Long Island Rail Road branch

The West Hempstead Branch is an electrified rail line owned and operated by the Long Island Rail Road (LIRR). It runs between Valley Stream and West Hempstead, in Nassau County, New York, United States.

==Route description==
The branch separates from the Montauk Branch just east of Valley Stream, and runs northeast to West Hempstead.

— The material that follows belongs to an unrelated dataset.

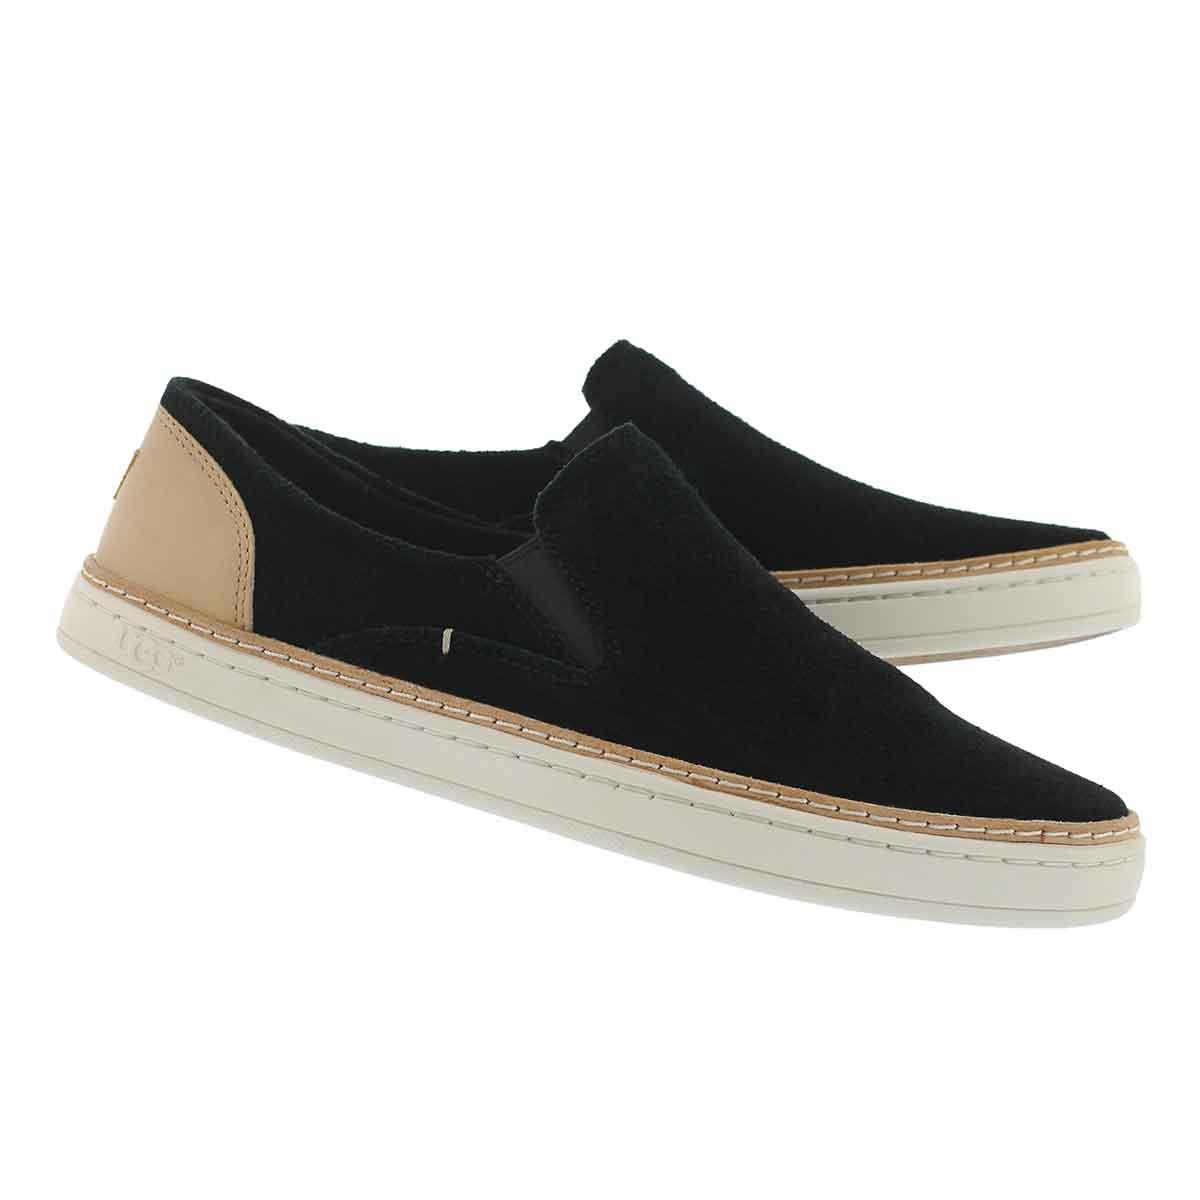 Lds Adley Perf black casual slipon

The line has one track between Westwood station and Hempstead Gardens and two from there to the end of the line in West Hempstead, the southbound or east track being a siding. The right-of-way of the West Hempstead Branch is wide enough for two tracks for its whole length, although it would require the relocation of some platforms and facilities. There are three grade-crossings on the line, reducing the maximum speed to 65 mph – and because of curves at the Lakeview and Malverne stations, the speed on that stretch is lowered to 45 mph.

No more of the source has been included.